I'm a little stumped on how to read the "article.xml", docs. I tried opening them up in my browser. But, apparently that is not the correct way as I'm not viewing them correctly. Any suggestions? Reading and viewing the docs in general?


----------



## sizemj (Sep 30, 2013)

`less` would work. XML though will look like XML. It*'*s a markup language. Man page: http://www.freebsd.org/cgi/man.cgi?query=less&apropos=0&sektion=0&manpath=FreeBSD+9.2-RELEASE&arch=default&format=html


----------



## chessmaster (Sep 30, 2013)

I used `make FORMAT=pdf install clean`, to build the docs with PDF. Still I'm unable to view the XML files in the user documents.


----------



## kpa (Sep 30, 2013)

The .xml files are source files for conversions to different presentation formats, html and pdf for example. View the resulting .pdf or .html files, not the .xml source files.


----------



## wblock@ (Sep 30, 2013)

Yes, the article.xml and book.xml files are source articles that can generate output in several formats.  Most people do not need to build them, but just read the generated HTML or PDF versions on the web page: http://www.freebsd.org/docs/books.html.

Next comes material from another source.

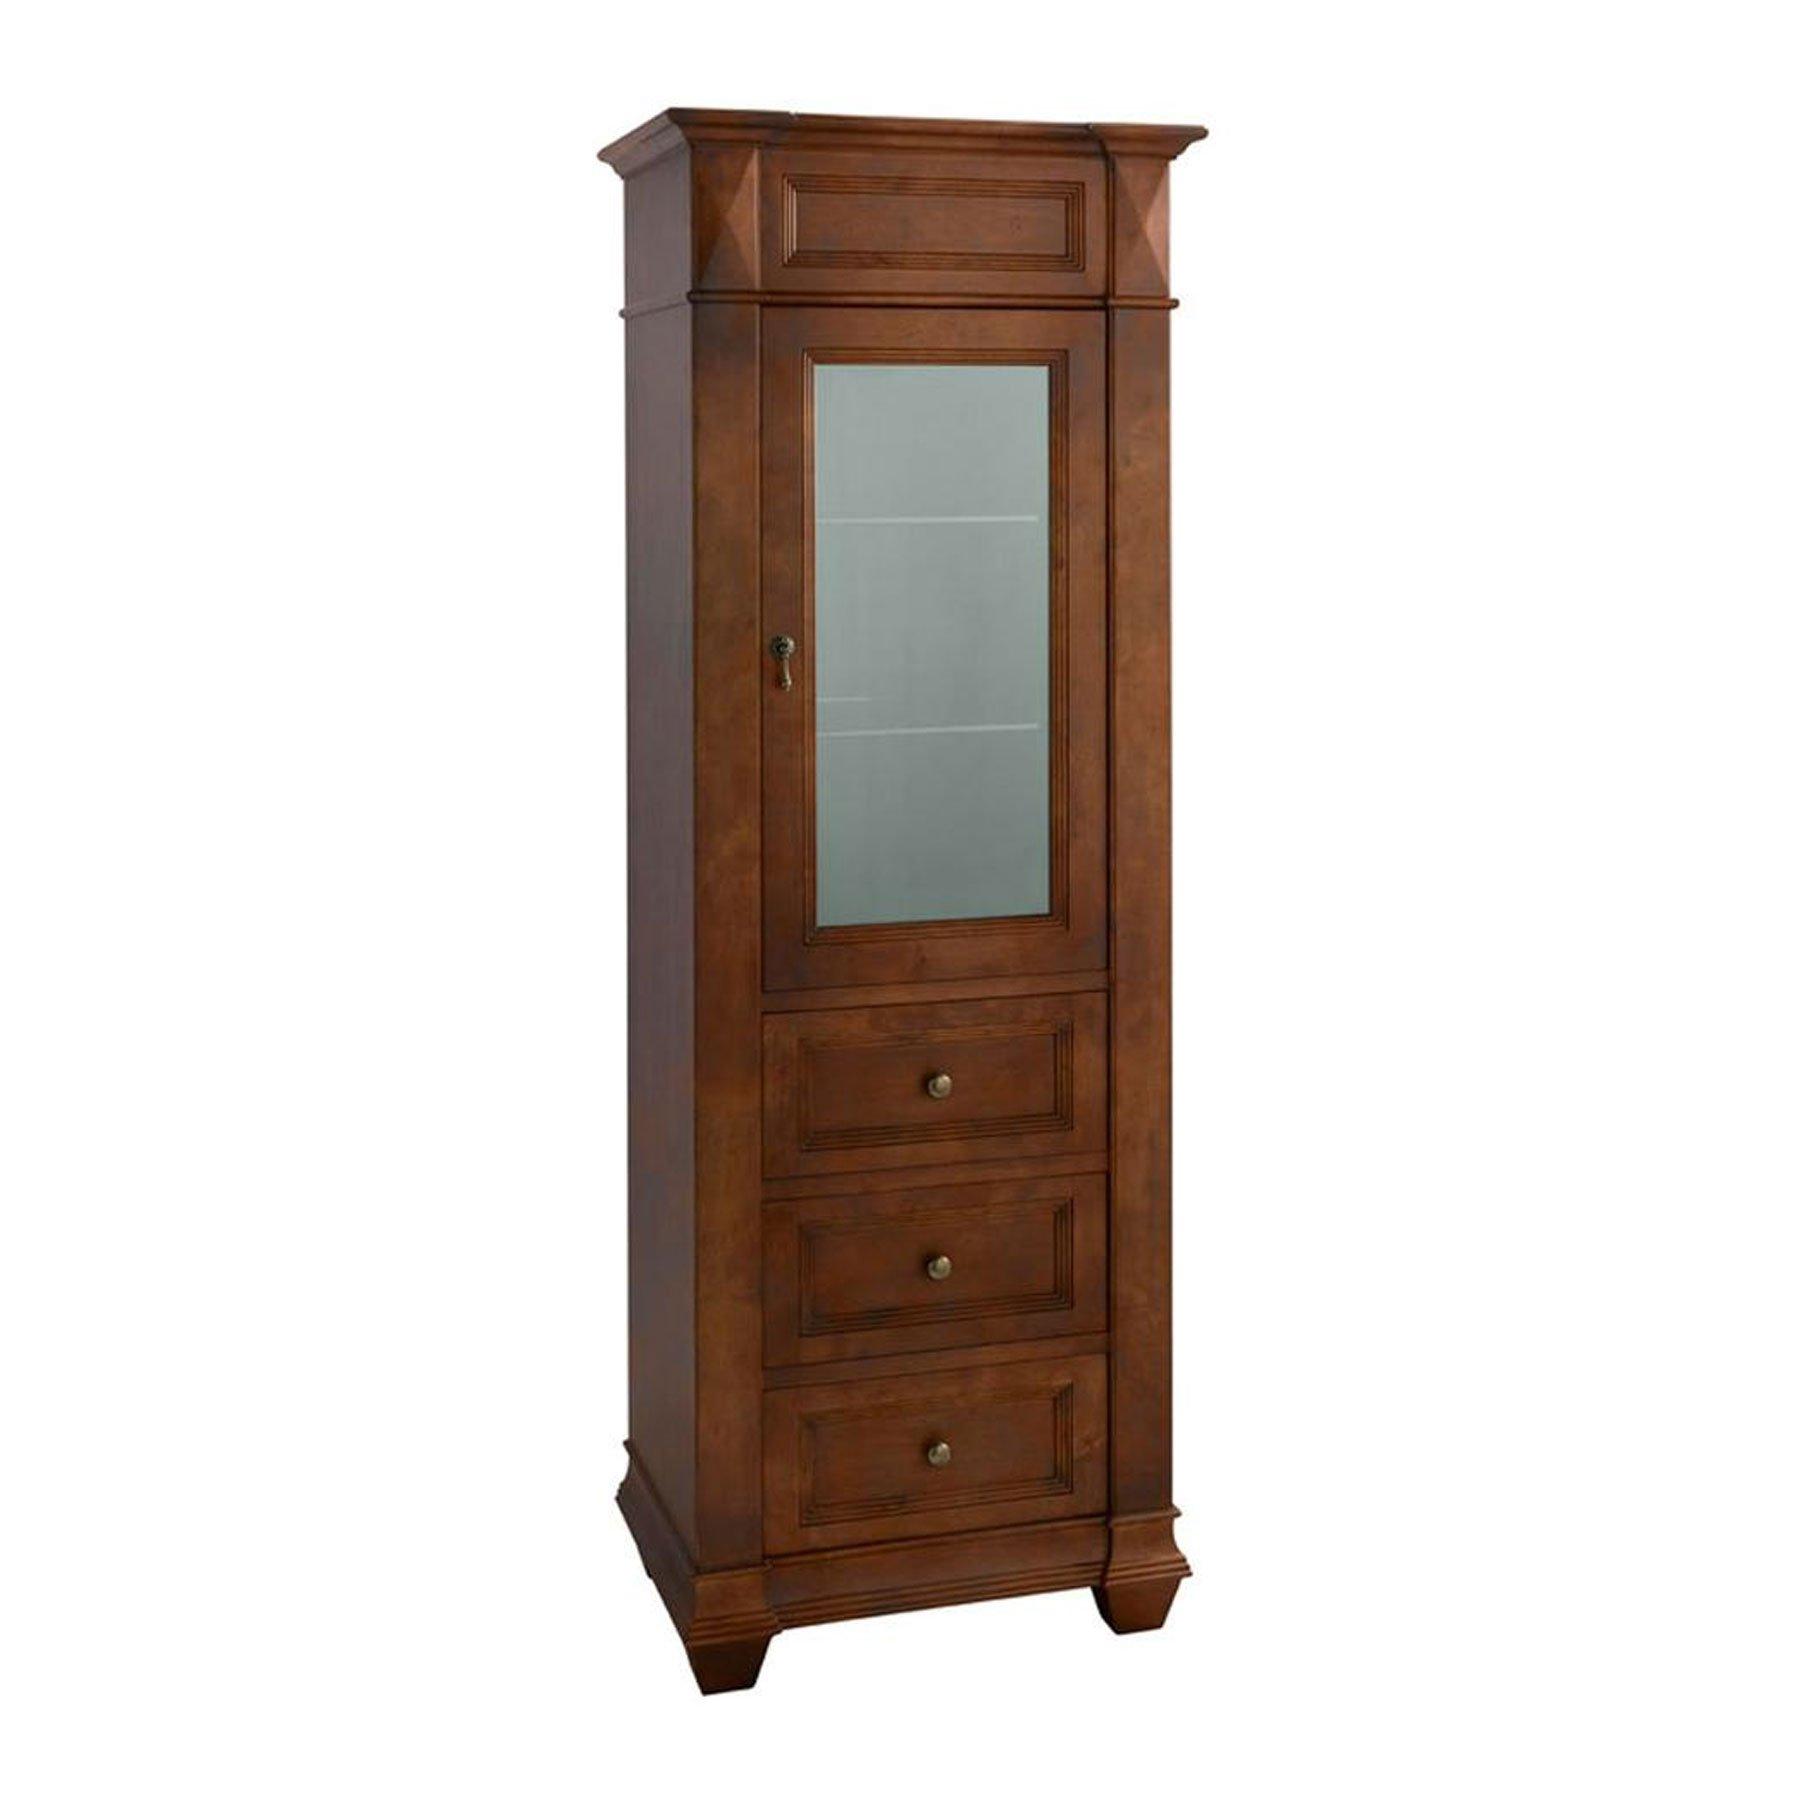 MAYKKE 30'' x 72'' Tall Juliet Curio Cabinet Display Case | Traditional Frosted Glass Window Bathroom Storage Organizer | Rich, Hardwood Construction | Cherry Americana, YSA2040101

There is more information about building and editing the documentation in the FreeBSD Documentation Project Primer for New Contributors.


----------



## cpm@ (Oct 1, 2013)

Also check out this extensive online tutorial: Using XSL Formatting Objects.


----------



## chessmaster (Oct 1, 2013)

Thanks for the suggestions! I was able to make due with the following command above. Without the quotes as documented in the handbook.


----------